Setting up Pluto.jl

Pluto is nice as you can prototype pretty fast.

Important

Pluto.jl has its own dependency management included!

If you want to add packages that are not registered, you have to activate your own environment. For example

using Pkg
Pkg.activate(mktempdir())
Pkg.add("/path/to/your/package/CoolPackage")
Pkg.add(url="https://github.com/username/MyPackage.jl")

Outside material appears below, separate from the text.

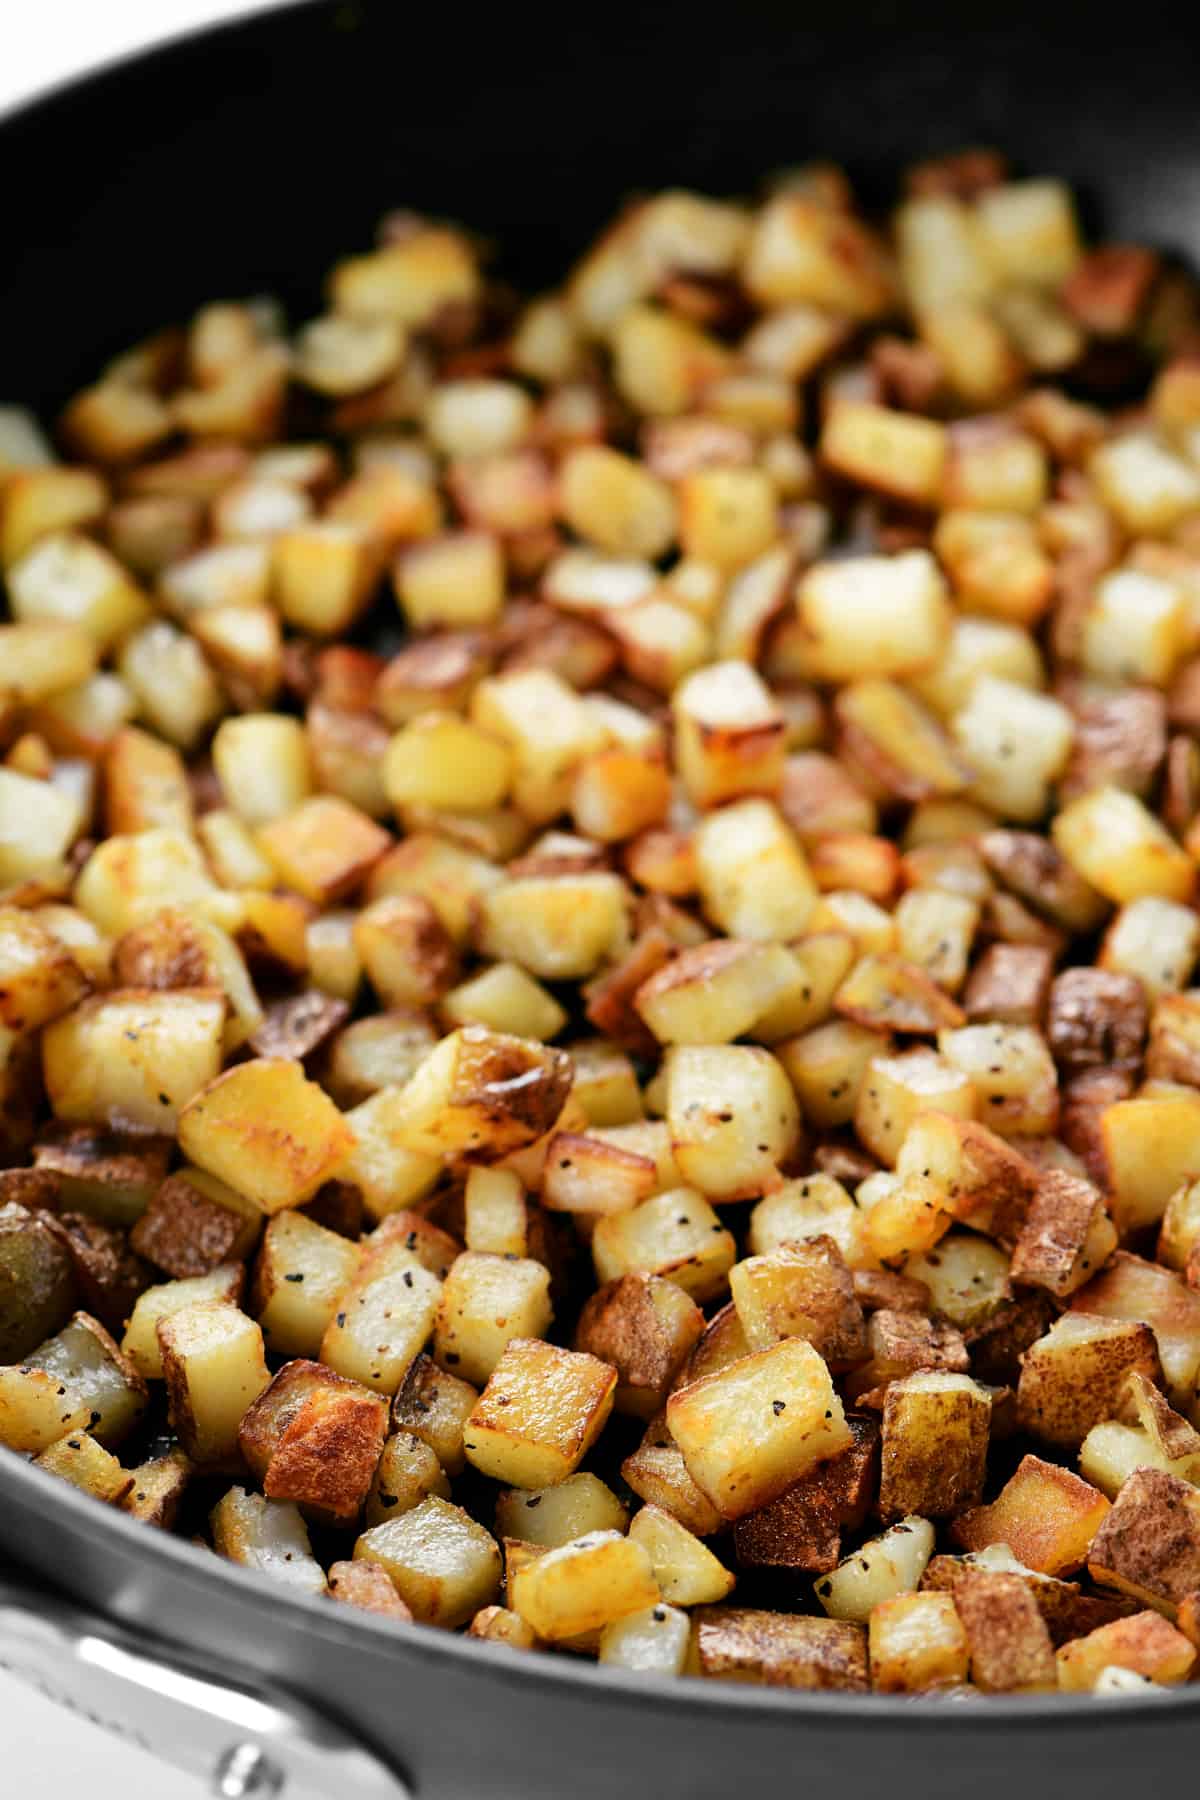 breakfast potatoes in a frying pan.

using CoolPackage,MyPackage

To run pluto in the first place use:

]add Pluto
Pluto.run()

Task 1: Visualize some statistic properties

1. Data

Generate 500 normally distributed samples

Tip

You might want to make your results reproducible by fixing some seeds for the random generators. The two most common random generators used in julia are Random.MersenneTwister and StableRNGs.StableRNG - For this execrise I would recommend the latter (even though MersenneTwister is much more common to be used), thus run:

using StableRNGs
randn(StableRNG(1),100)

to get 100 random numbers.

Scale the random numbers to fullfill std(x) β‰ˆ 10

functionize it

Next wrap that code in a function simulate which takes two arguments, a random seed and the number of samples

2. cumulative mean

Calculate the cumulative mean of a single simulation. save it to a variable

Note that there is no cummean function, but clever element-wise division in combination with cumsum should lead you there - or you just use a loop 🀷

cumsum(x) ./ (1:length(x))

3. Plotting!

Now for your first plot. Use a scatter plot1 to visualize the cummulative mean output, if you do not generate a Figure() + ax = f[1,1] = Axis(f) manually, you can get it back by the scatter call. f,ax,s = scatter(). This is helpful as we later want to extend the Axis and Figure with other plot elements

Use hlines! to add a horizontal line at your β€œtrue” value

4. Subplot

simulate repeatedly

Let’s simulate 1000x datasets, each with a different seed, and take the mean over all simulated values

An easy way to call a function many times is to broadcast it on an array created e.g. via 1:1000 - you could also use map to do it, but I don’t think it is as clear :)

simulate.(1:1000,nmax)

Mean it

calculate the mean of each simulation

using Statistics
mean.(simulate.(1:1000,nmax))

# or 
sum.(...) ./ nmax

Add it as a subplot

We want to add a histogram of the 1000 means to the plot.

  1. Add a new Axis to f[1,2]
  2. use it to plot the histogram of the means via hist! - don’t forget to change the direction=:x to flip the histogram
  3. link the axes using linkaxes

5. Prettify it

There are some simple tricks to make a plot look nicer:

  • remove the β€œbox” using `hidespines!(ax,:r,:t)
  • resize the right sub-plot to be smaller colsize! and Relative(X)
  • hide the x-grid (type ax.+ TAB to find all possible attributes)
  • hide the xlabels + xticks + bottomspine from the right subplot
  • add two Labels (A) and (B) to the plot
  • Bonus: use color to color the cummulative sum samples according to how many samples went into that sum. colormap=:Reds looks good to me!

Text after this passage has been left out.